Information can be encoded in bit strings. A persistent information store is a device which, when presented with a bit string, modifies itself in some way so that at a later time it will produce the same bit string on demand. It must be accurate, allowing no changes in the stored bit string as time passes. The mechanism used to accomplish this does not have to be understood in order for it to be useful. In other words, it can be considered a black box.
Information stores can be classified by considering the nature of retrieval requests. What information must be presented to the store in order for it to return a desired bit string?
One possibility is what is known as a "surrogate" (Hughes, 1991). A surrogate is a unique identifier, generated by the information store as the result of a storage request. Like the key to a rented locker, it becomes available as soon as an item has been consigned to storage, and must be presented at the later time when the item is required.
Another option is that a part of the stored information may be presented to the information store. In response, the store will return the entire stored bit string. This can be accomplished by certain kinds of neural nets, and is a characteristic of text retrieval systems. Which part of the stored bit string must be presented, and how much of it is required may depend on the design of the information store.
It may be that as a part of the design of the information store, a particular portion of stored bit strings is designated as a key, and only this portion is required to retrieve the entire string.
To retrieve a stored message, something must be known about it. This may be a surrogate, some salient attribute, or some portion of its content.
Information storage is really just a coding and compression situation. A storer gives the black box a message and receives another message in response. This is presumably shorter than the stored message or nothing is gained. Then the set of shorter messages, together with the black box allows the generation of stored messages on demand.
n is the number of distinct messages to be stored, the size of the handle must be at least
log2n bits. The handles need not be extremely large: 30 bits can uniquely identify over a billion objects. A library call number is much shorter than a typical book.
The simplest imaginable (vacuous) information store is one which requires the entire desired bit string as a key, and returns it as the requested information.
An information store may respond destructively or nondestructively to a retrieval request. In the former case, a bit string can only be retrieved once; it will no longer be stored. In the latter, more usual, case a copy of the bit string may be delivered more than once.
What does an information store do when presented a bit string for storage which turns out to be identical with one already being stored? This may not be allowed. The two bit strings may both be stored, but essentially indistinguishable from each other, or they may be assigned distinct surrogates.
Can similar stored bit strings be examined in an arbitrary order?
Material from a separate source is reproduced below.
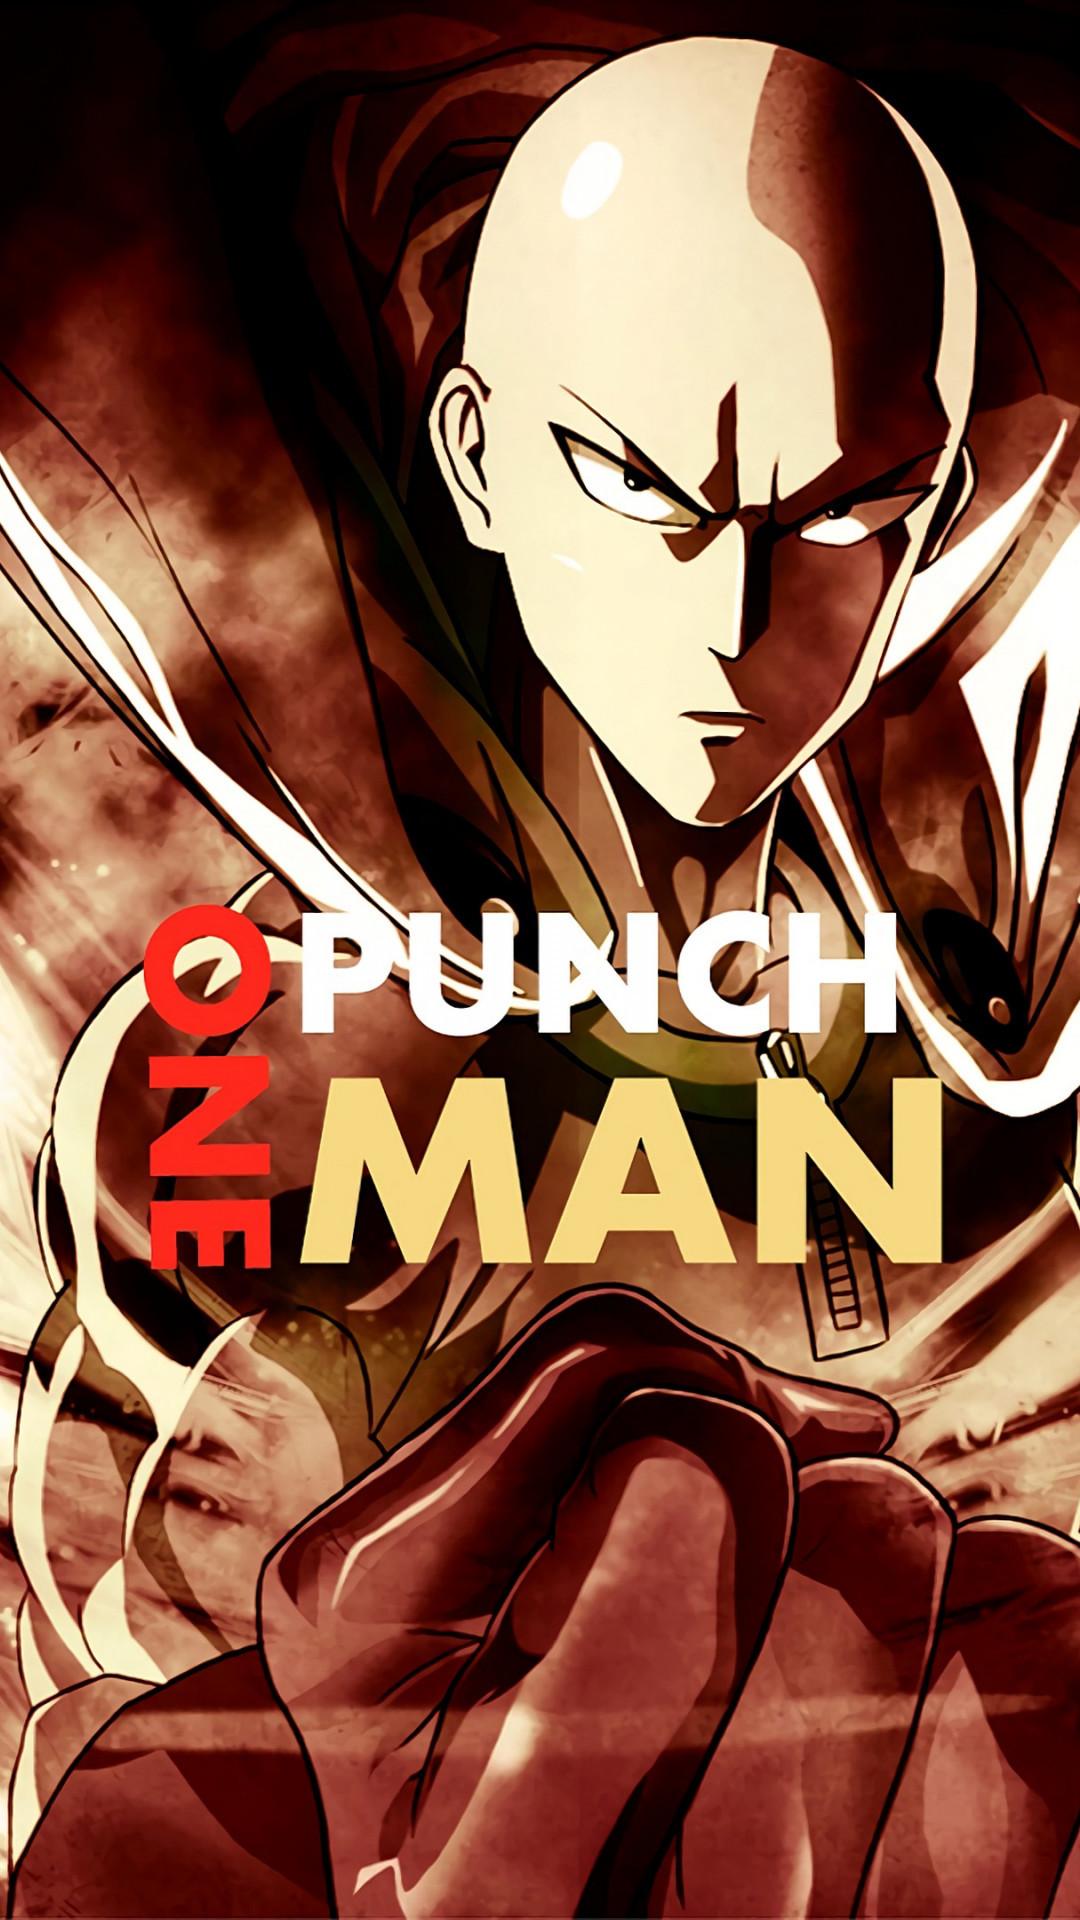 Terbaru 30 Gambar Keren One Punch Man - Gambar Terkeren HD

They may be available in the order they were stored. They may be available according to some ordering based on their surrogates, or according to various orderings of their content.
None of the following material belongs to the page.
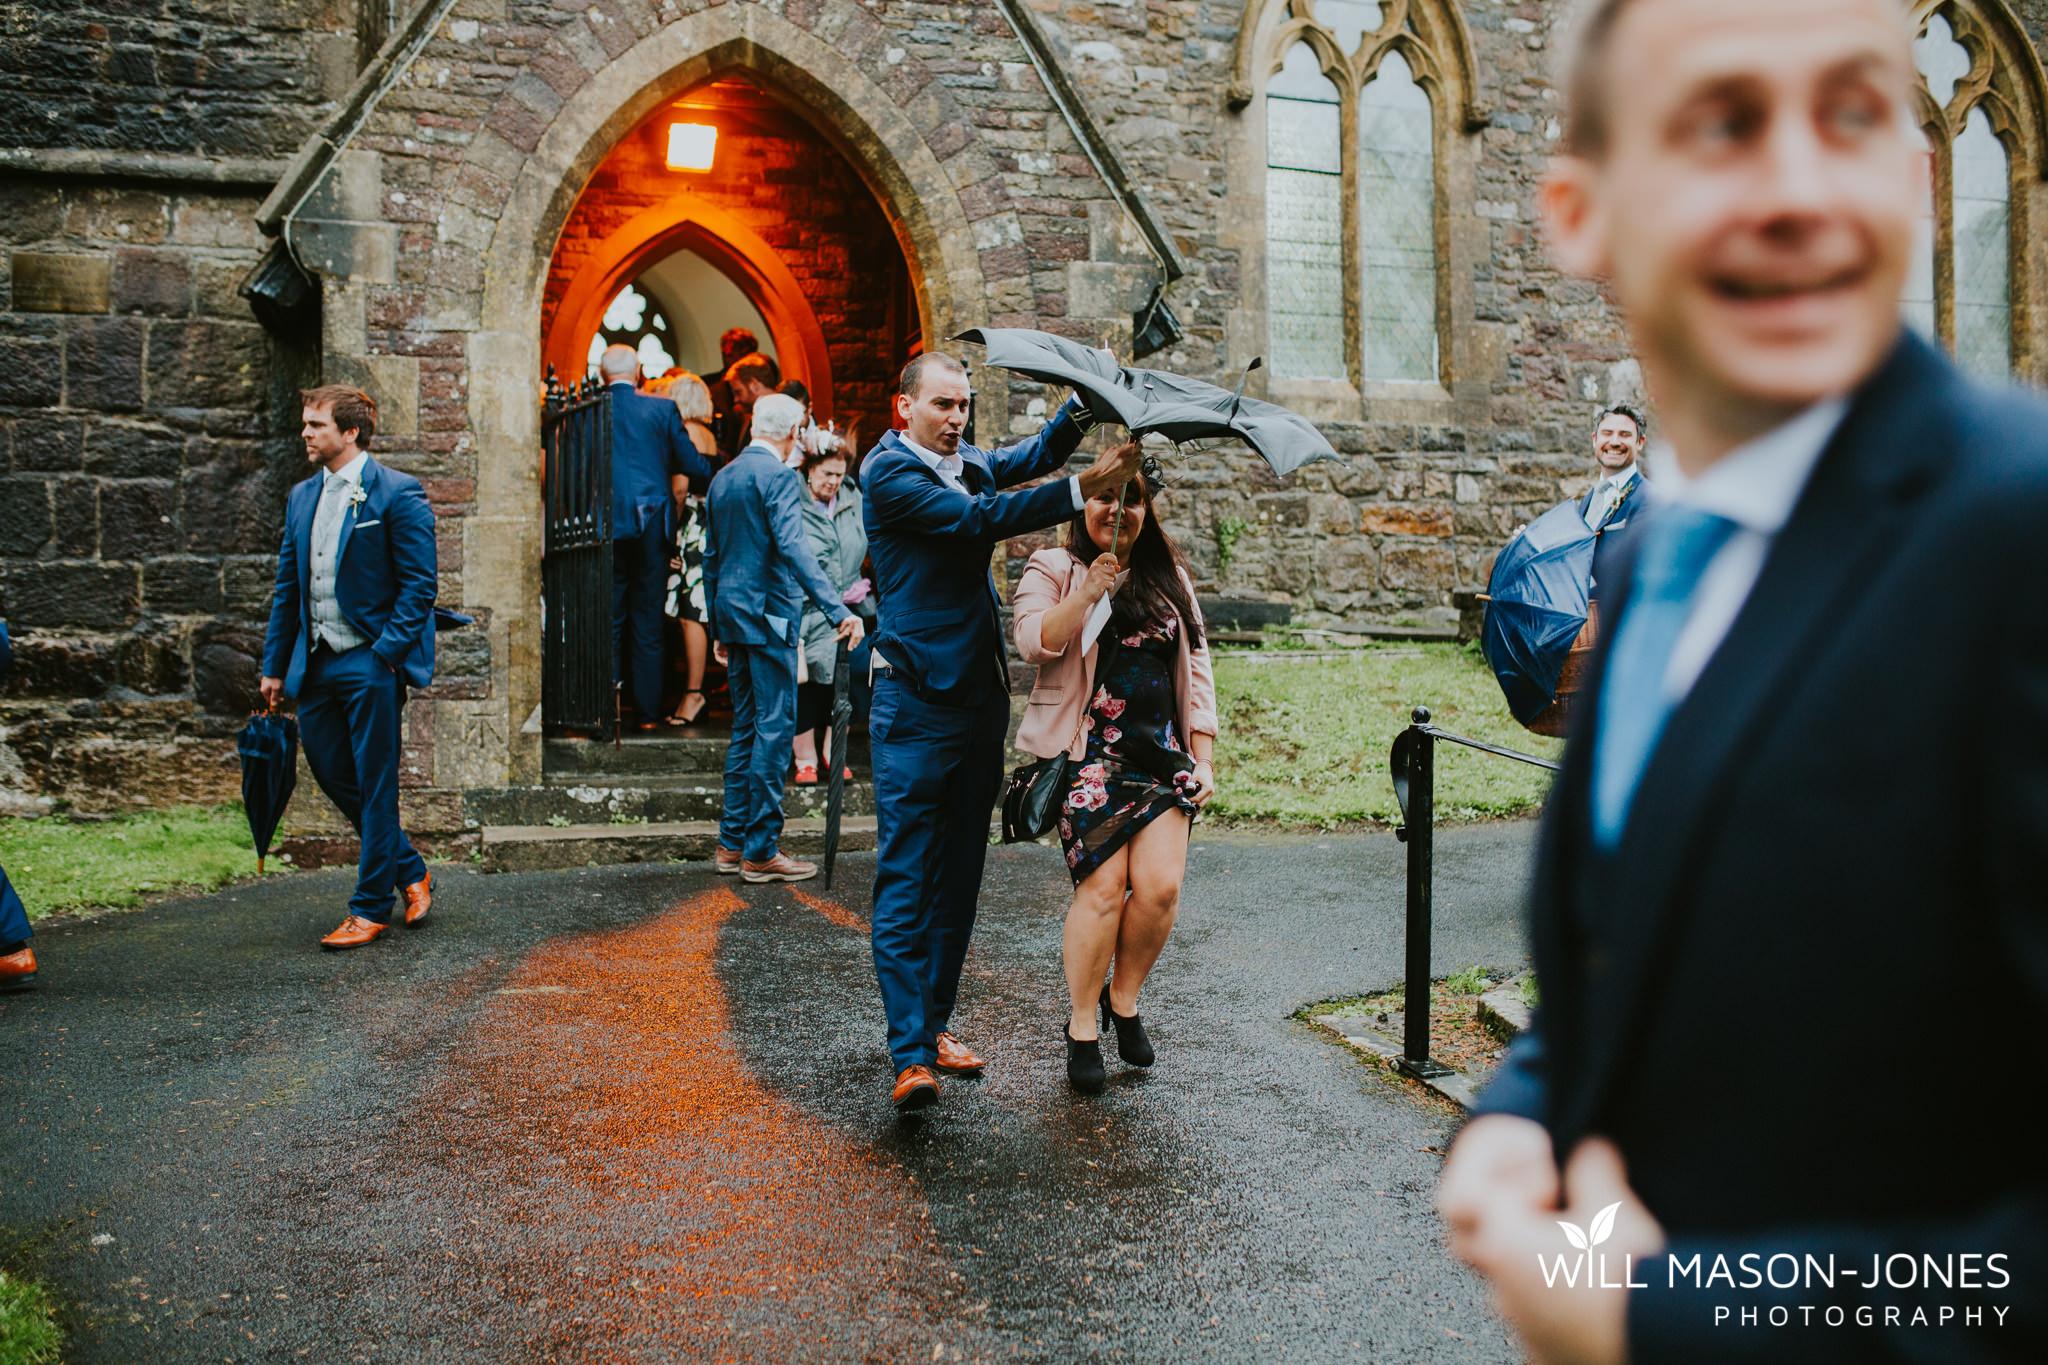 rainy-wet-llandybie-church-wedding-ceremony-swansea-photographers-14.jpg

The bit strings held by an information store may be classified into categories. Uniqueness may be enforced within each category but not between categories. Indexing may be provided only within a category.
Can one bit string contain a reference to another bit string in the same information store? This cannot be forbidden so long as some kind of content addressing is available. In fact, since an arbitrary external address or surrogate can itself be encoded as a bit string, such internal cross referencing cannot be forbidden at all.
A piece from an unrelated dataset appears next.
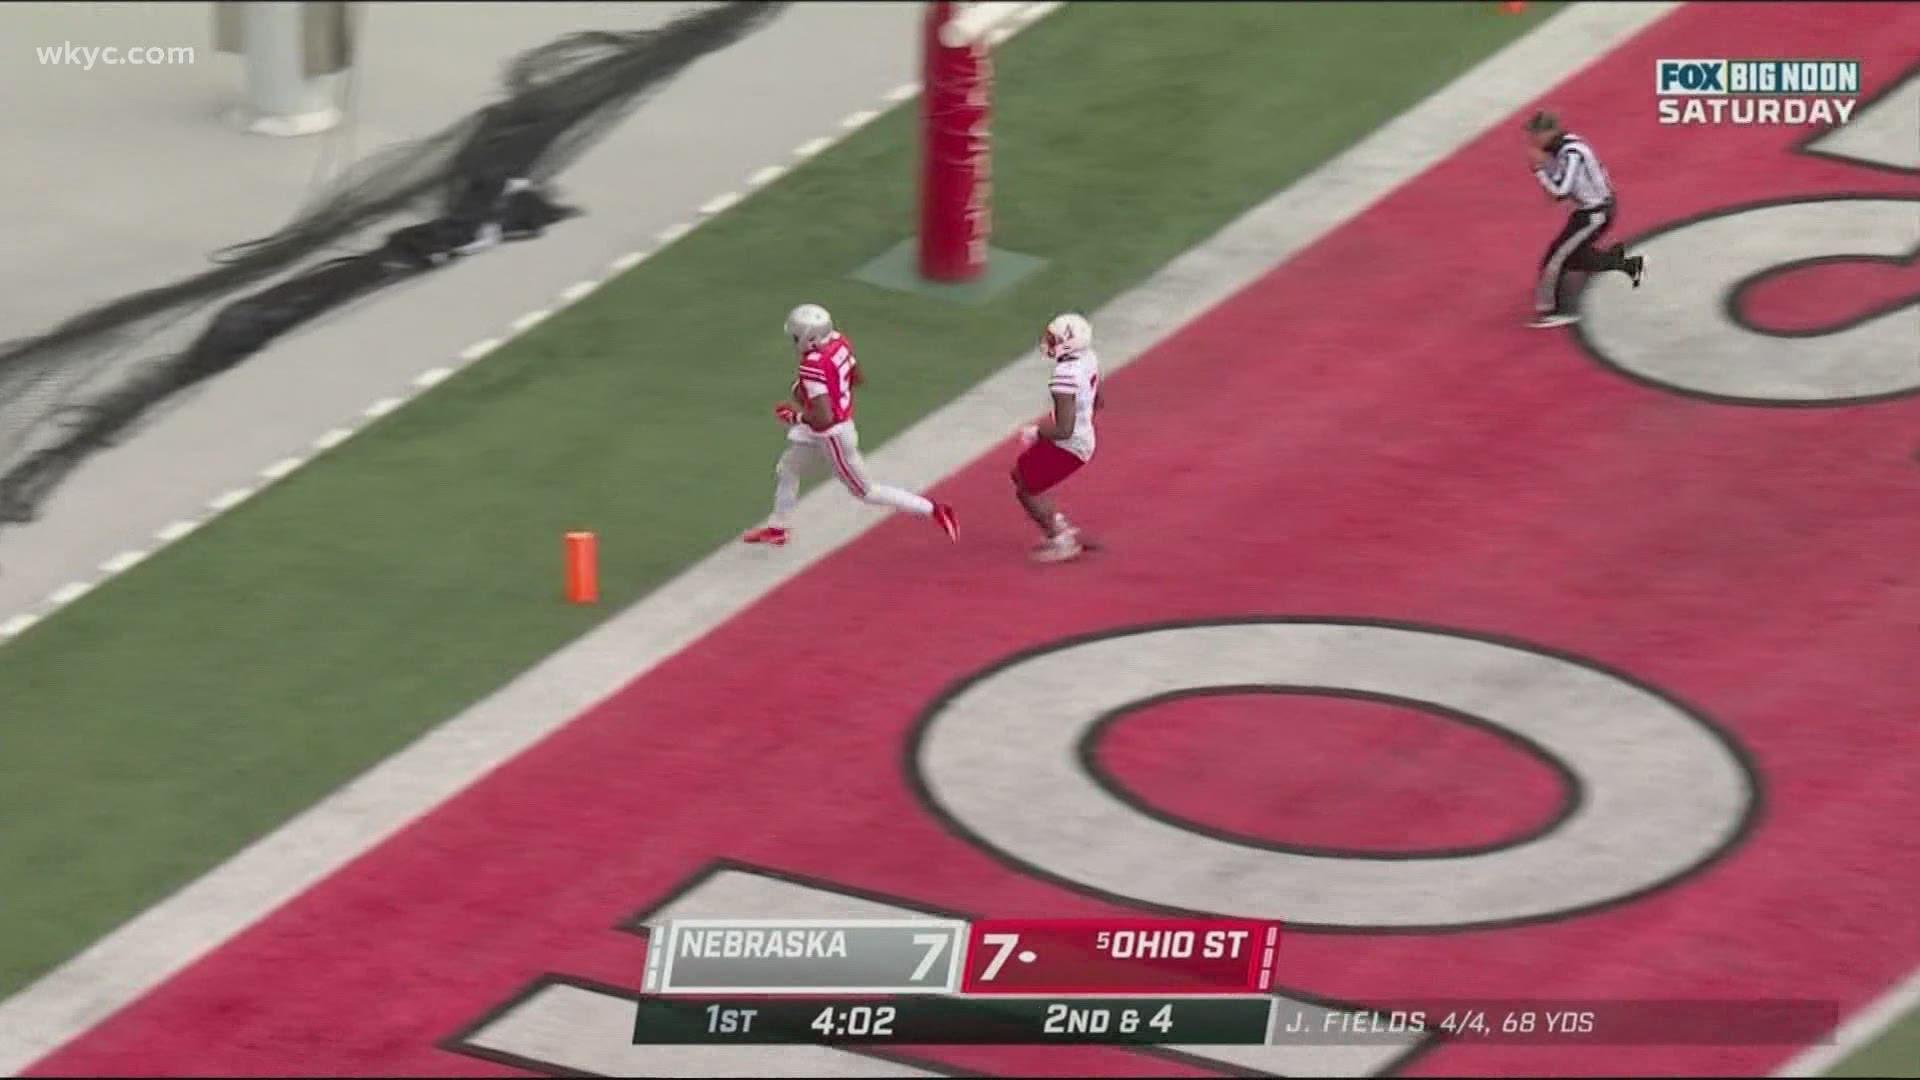 Ohio State dominates Nebraska in season opener | wkyc.com

The information store would do well to manage this phenomenon if possible, to ensure that a bit string to which there exists a reference does in fact exist within the store.
In this section, we consider what it means for information to be persistent. What kinds of work must be done to create, modify, process, and retrieve data? The components of an information storage model are: one or more storers (agents which cause a bit string to be consigned to storage), one or more requesters (agents which retrieve bit strings from the information store), and the store itself. The information store must accept a bit string from a storer at one point in time, and return it to a requester at a later time.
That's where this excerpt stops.